52. In our judgment the conduct of the police officers was not exceptional and did not go beyond that which was necessary to show their willingness to deal in drugs. An exchange of a small amount of cocaine triggered the revelation that these defendants were not only happy to import very substantial quantities of cocaine but had the ability to do so. The officers' activities pale into insignificance in comparison to the offers made by Harmes to import, on their behalf, large amounts of cocaine of a high value."
"55. The test of whether the enforcement officer behaved like an ordinary member of the public works well and is likely to be decisive in many cases of regulatory offences committed with ordinary members of the public, such as selling liquor in unlicensed quantities…But ordinary members of the public do not become involved in large scale drug dealing…The appropriate standards of behaviour are in such cases rather more problematic."

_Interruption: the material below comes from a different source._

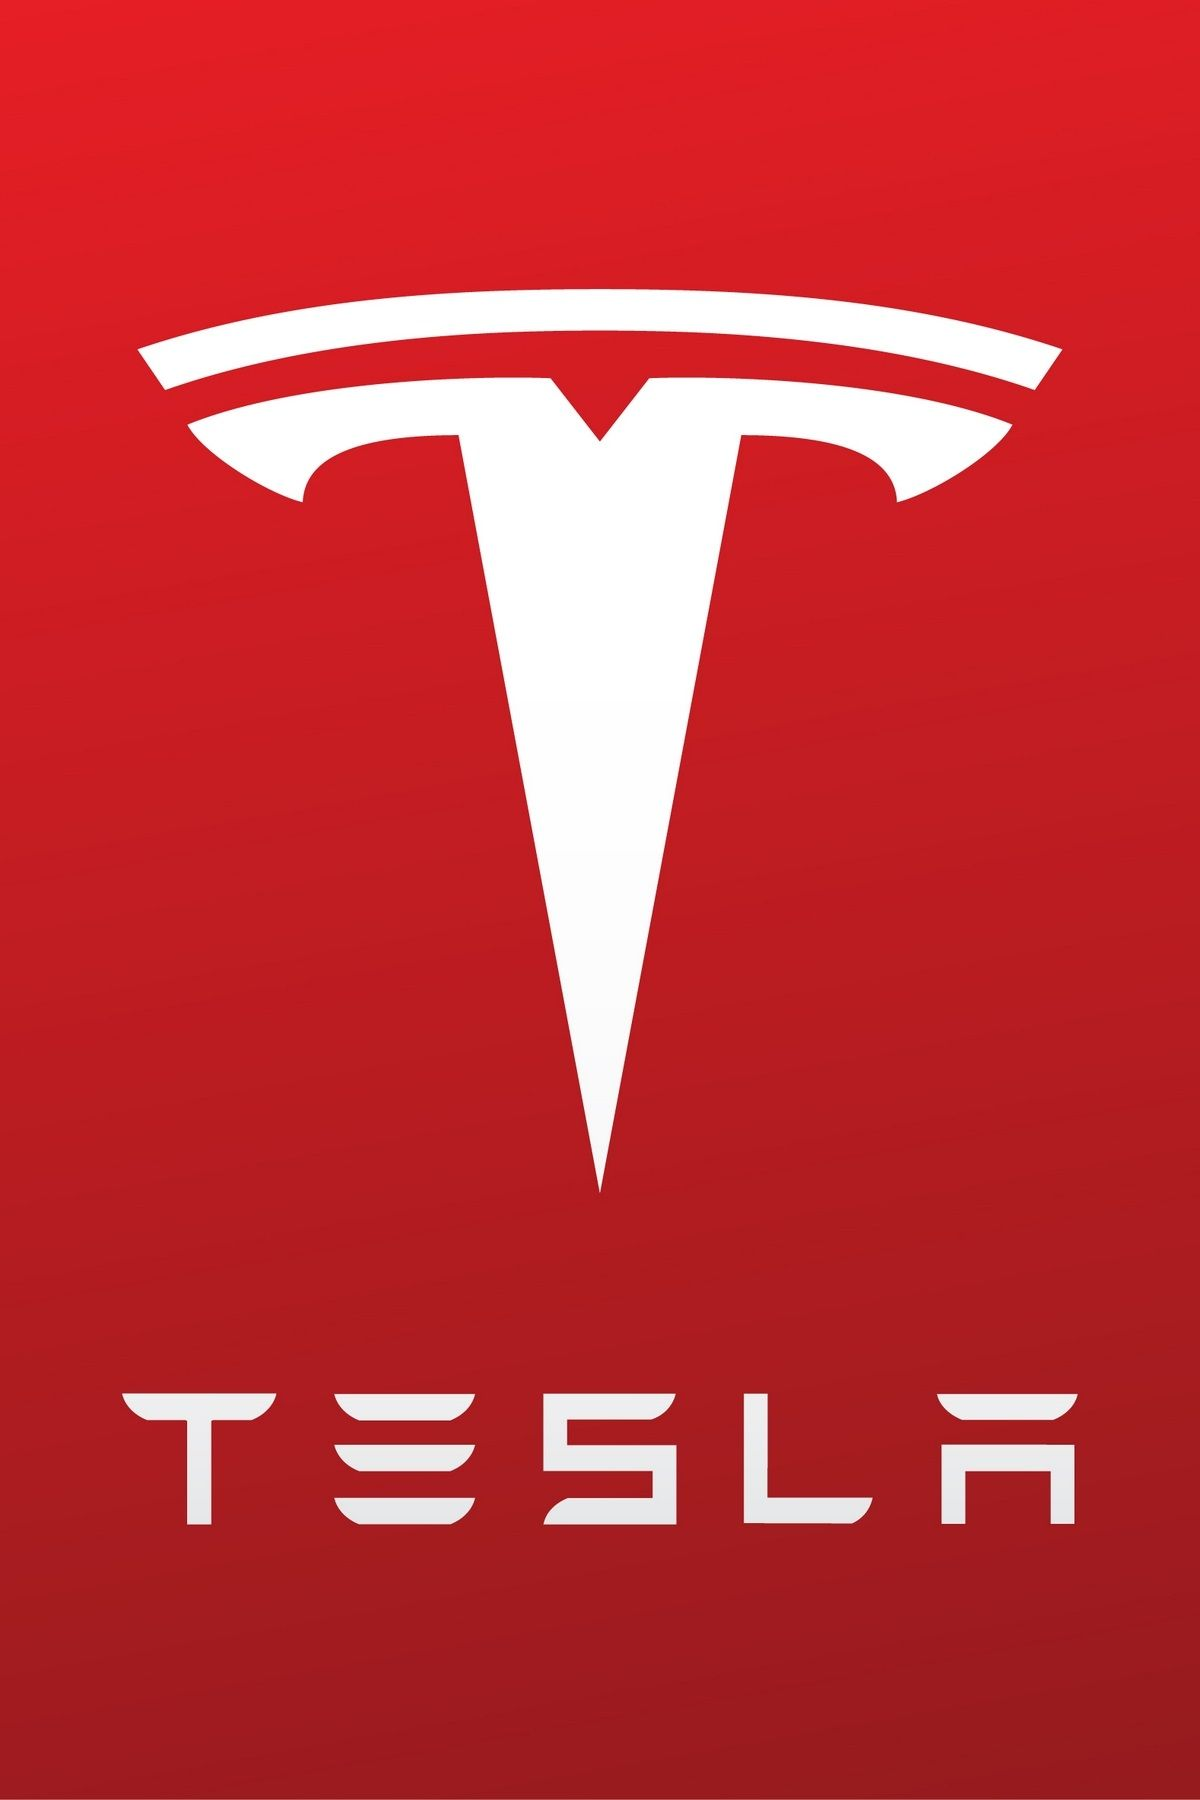 Tesla Logo [Motors] PNG Free Downloads, Logo Brand Emblems ...

"18. In our judgment, there is no significant distinction between the assumed facts of the present case and the facts of Looseley. It is an inherent aspect of any undercover police operation that the undercover police officer insinuates himself into the confidence of those involved in the criminal conduct at which the operation is directed. For an officer who has so insinuated himself to offer an opportunity to a defendant to commit a criminal offence, in the absence of persuasion or pressure or the offer of a significant inducement, will not generally result in its being an abuse of the process to prosecute the person who takes that opportunity to commit an offence.
19. For these reasons it was not open to the judge to make a finding of entrapment on the assumed facts before him such as to render the prosecution of M an abuse of the process.

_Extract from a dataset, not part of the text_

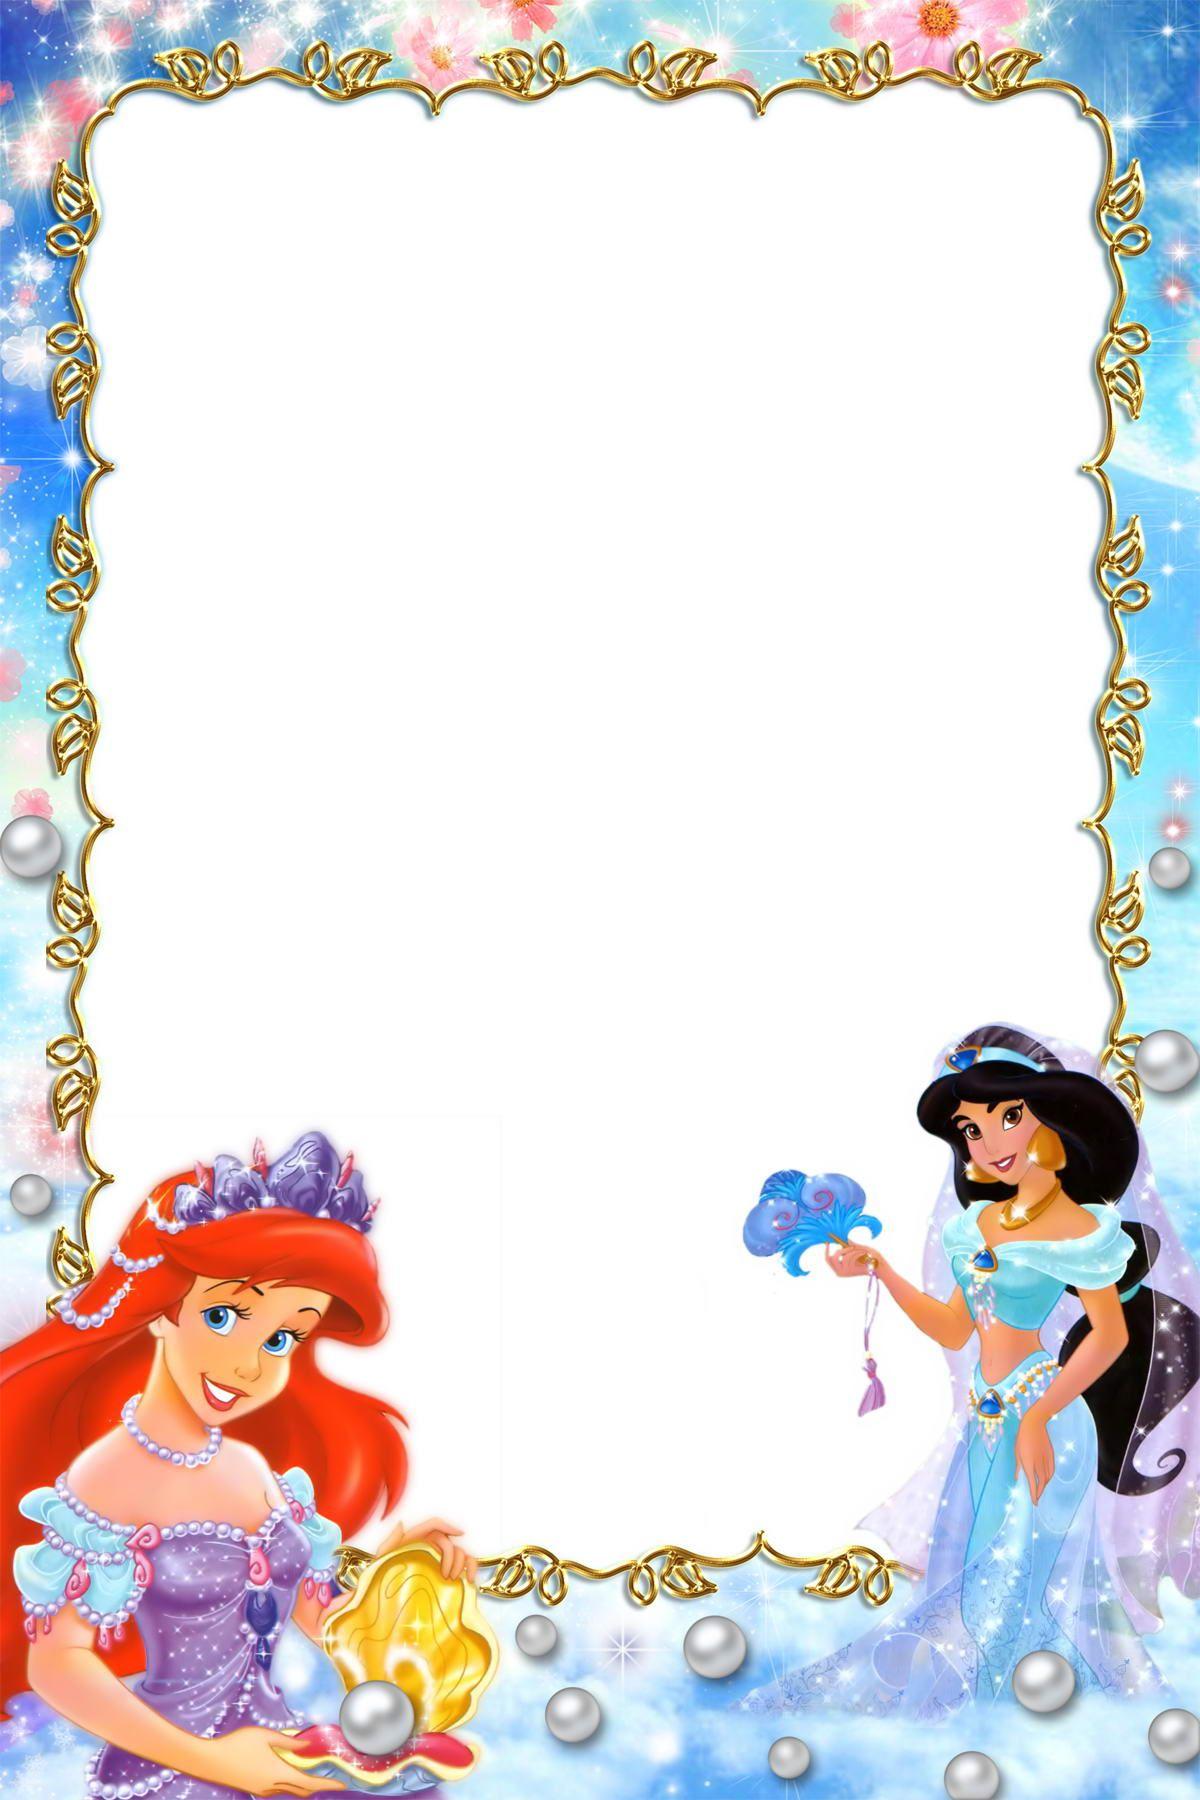 Princess border frames pictures | Clip art / borders | Pinterest ...

20. If, during the course of the evidence, facts (for example, that there was pressure put on M to supply the drugs in question) are established that go significantly beyond those on which the judge made his decision, it may be necessary to review our decision. It is for this reason that we consider that it would have been sensible for the judge to have followed the procedure suggested by counsel, that is for the issue of entrapment to be addressed after [the officer] had given evidence before the jury, with if necessary M giving evidence at that stage in the absence of the jury."